WHAT YOU NEED TO DO: Compute how many lines in the records below contain the string "Seat" and give that number without other output.

[Items listed in a dataset]

━━━━━━━━━━

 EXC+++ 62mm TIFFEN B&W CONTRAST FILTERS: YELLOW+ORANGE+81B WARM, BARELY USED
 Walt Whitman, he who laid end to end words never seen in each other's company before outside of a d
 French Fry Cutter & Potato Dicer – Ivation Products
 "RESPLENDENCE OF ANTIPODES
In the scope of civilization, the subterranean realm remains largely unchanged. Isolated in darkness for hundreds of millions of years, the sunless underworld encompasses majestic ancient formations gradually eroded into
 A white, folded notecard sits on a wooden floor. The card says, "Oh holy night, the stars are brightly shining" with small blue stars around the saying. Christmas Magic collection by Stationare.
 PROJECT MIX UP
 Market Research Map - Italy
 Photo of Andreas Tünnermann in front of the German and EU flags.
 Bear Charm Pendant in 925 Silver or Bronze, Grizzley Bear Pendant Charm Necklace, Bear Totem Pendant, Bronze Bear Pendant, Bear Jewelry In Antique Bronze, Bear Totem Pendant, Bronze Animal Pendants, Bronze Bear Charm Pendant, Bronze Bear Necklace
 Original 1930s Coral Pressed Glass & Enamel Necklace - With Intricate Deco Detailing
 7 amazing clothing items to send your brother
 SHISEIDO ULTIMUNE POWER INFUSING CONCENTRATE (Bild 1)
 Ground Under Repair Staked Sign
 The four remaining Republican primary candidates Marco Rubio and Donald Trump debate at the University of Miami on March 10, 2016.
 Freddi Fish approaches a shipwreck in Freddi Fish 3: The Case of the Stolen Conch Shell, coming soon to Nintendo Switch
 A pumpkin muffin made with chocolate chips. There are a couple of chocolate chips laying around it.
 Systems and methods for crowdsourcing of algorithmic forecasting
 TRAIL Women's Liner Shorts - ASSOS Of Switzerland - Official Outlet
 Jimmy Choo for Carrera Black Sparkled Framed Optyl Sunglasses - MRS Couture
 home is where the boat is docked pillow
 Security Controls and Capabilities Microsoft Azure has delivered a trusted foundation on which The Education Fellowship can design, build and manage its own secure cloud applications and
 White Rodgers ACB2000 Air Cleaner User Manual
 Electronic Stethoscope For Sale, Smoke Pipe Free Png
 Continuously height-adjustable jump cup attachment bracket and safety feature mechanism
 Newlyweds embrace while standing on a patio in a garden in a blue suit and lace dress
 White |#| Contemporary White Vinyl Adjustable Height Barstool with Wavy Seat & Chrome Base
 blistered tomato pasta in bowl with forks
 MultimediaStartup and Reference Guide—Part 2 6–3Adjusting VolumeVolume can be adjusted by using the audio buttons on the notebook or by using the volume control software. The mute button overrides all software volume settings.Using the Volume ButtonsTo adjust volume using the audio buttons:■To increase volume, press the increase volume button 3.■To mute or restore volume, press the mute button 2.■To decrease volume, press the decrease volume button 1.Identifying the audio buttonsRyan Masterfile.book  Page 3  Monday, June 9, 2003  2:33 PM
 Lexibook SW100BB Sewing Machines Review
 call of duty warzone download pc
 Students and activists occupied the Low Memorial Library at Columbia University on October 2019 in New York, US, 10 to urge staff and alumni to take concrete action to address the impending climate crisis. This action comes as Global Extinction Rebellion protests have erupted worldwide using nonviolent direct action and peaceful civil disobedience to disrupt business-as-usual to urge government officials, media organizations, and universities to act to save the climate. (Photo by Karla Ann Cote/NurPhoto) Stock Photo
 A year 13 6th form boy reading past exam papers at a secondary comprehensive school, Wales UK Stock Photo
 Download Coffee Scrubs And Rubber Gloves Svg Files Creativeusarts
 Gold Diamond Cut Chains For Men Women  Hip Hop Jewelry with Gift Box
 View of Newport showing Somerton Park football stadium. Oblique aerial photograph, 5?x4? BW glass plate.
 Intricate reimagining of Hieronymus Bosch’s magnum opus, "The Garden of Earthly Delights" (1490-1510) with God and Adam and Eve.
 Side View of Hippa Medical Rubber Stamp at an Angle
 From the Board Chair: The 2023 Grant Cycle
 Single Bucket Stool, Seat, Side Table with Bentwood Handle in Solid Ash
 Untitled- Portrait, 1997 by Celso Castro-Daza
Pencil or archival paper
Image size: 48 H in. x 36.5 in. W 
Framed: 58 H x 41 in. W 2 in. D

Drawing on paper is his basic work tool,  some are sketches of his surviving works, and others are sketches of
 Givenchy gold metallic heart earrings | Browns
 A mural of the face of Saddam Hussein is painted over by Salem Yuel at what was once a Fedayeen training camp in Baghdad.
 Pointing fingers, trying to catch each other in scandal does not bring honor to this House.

━━━━━━━━━━

ANSWER AREA: 2